Dorau gegenüber sitzt seine Begleitung. Eine jener Damen die eigentlich potthässlich sind, sich aber mit allen Insignien der Trendigkeit versehen um wenigstens so auszusehen, wie die anderen Frauen in der Werbung. Auch sie hat eine Retrosporttasche auf den Knien, allerdings mit 'Motor Music'-Schriftzug und outet sich so als Fashion-Victim und Doraus Produktmanagerin zugleich. Sie redet auf Dorau ein, der nickt bloß. Verhuscht und ein wenig ängstlich wirft er einem Crack-Junkie mit Mega-Affen, der eine Sitzgruppe weiter sitzt, verstohlene Blicke zu. Dreht der gleich durch? Nimmt er mir meine Tasche weg?

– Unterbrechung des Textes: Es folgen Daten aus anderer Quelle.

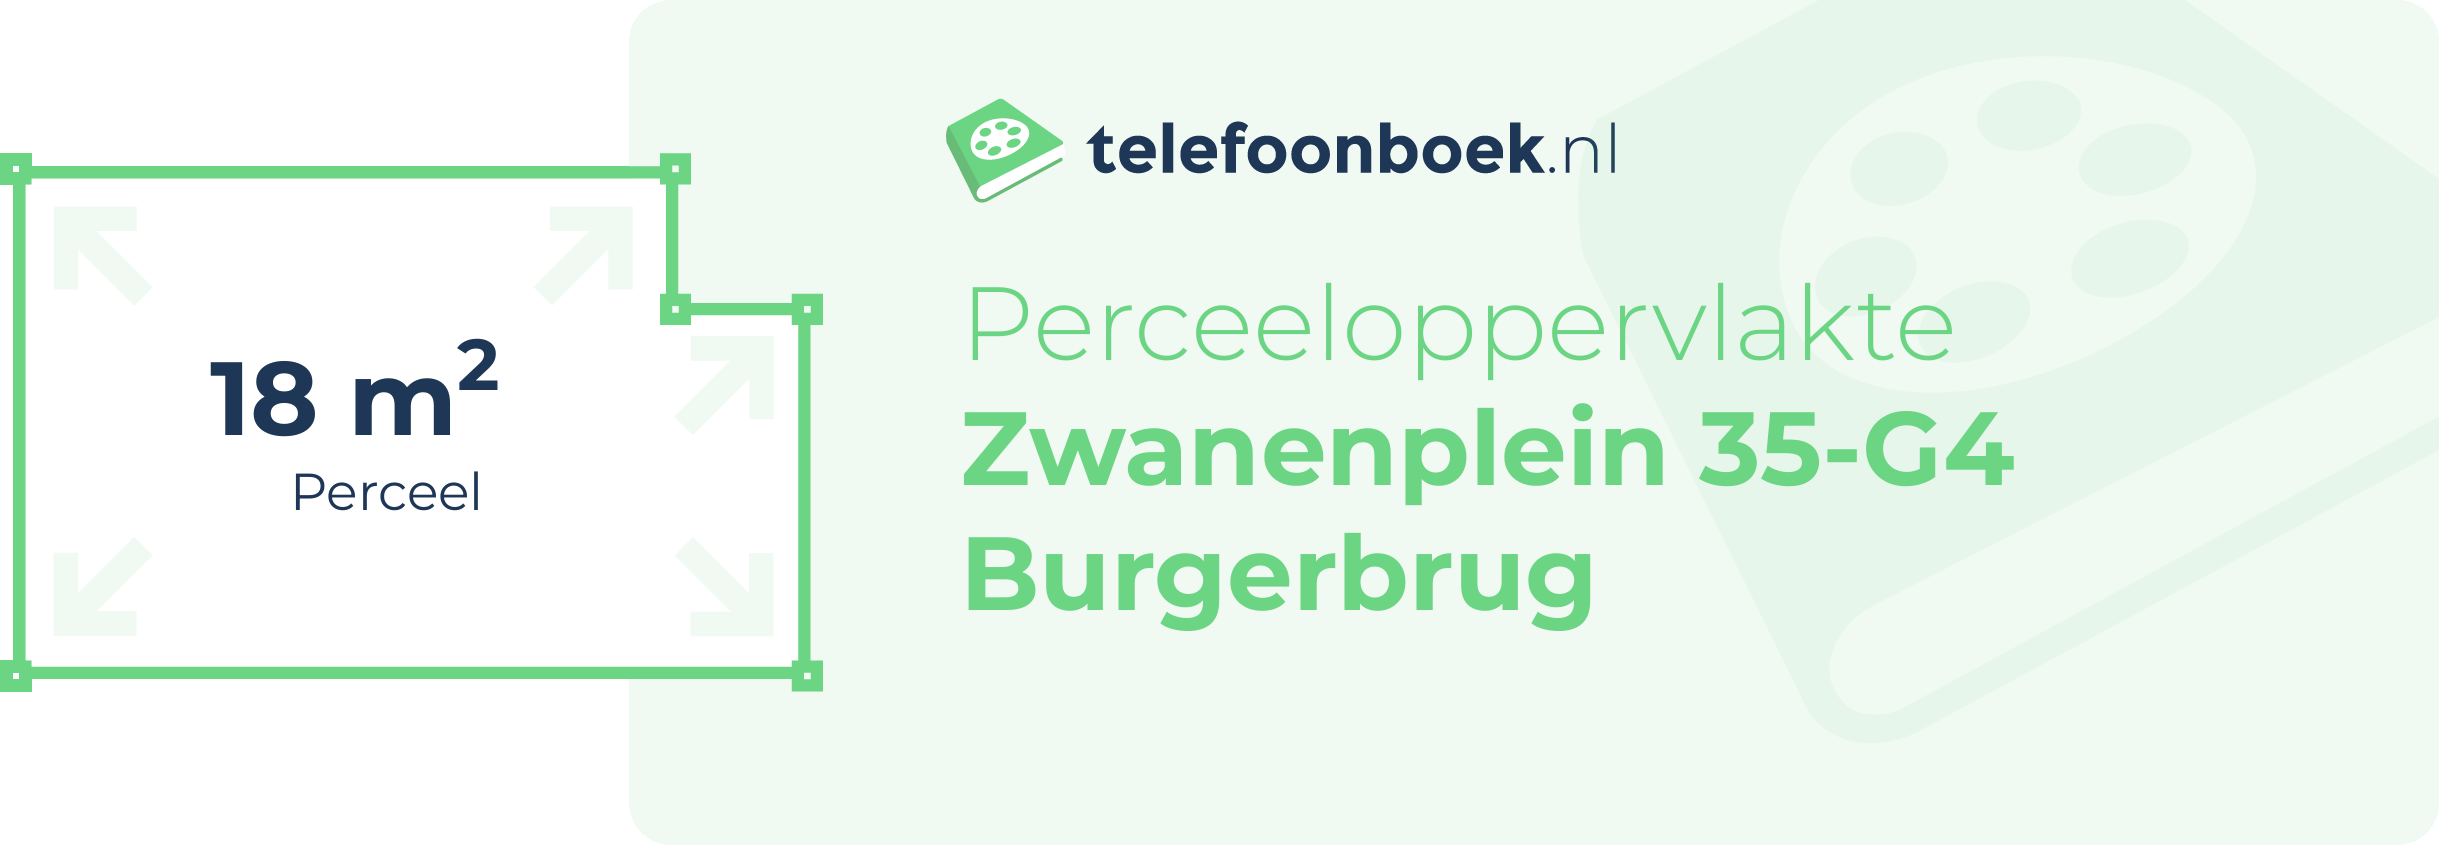 Perceeloppervlakte Zwanenplein 35-G4 Burgerbrug

Die Produktmanagerin verläßt kurz vor dem HBF das Abteil. Dorau nickt zum Abschied. Dann ist er allein. Und wirkt plötzlich so verletzlich, in seinem rosa Kapuzenshirt. Ein kleiner Junge auf Butterfahrt zu Omma. Ein Männlein steht im Walde ganz still und stumm.
Mein Blick fällt auf sein Haupt. Dorau hat blonde Haare, blonder als blond man es sich vorstellen kann. Allerdings hat er nicht viele davon. Die Tonsur hat sich bei ihm längst zum Flächenprinzip gemausert. Angesichts der drohenden Platte verfällt Dorau in althergebrachte und ebenso klägliche Täuschungsmanöver. Ich erinnere einen Sportlehrer, der ähnlich verfuhr. Der ließ sich den linksseitigen Haarkranz bis über die Schulter lang wachsen und kämte die dünnen Flusen dann einfach nach rechts über die Billiardkugel. Verstärkt durch mehrere Lagen Haarspray entwickelte er ein Schulsport taugliches Frisurenbrett. Und es bedurfte eines hardcorevolley am Netz geschlagenen Vorhand-Slices meines Freundes Sven, um das Brett abzulösen. Der Ball traf den Mann an der Schläfe, er ging wie ein Sack Reis zu Boden, das Brett stand für Sekunden im 90 Grad Winkel nach oben, ehe es über die Seite in einem Stück gen Boden sank, die glatte Birne entblössend.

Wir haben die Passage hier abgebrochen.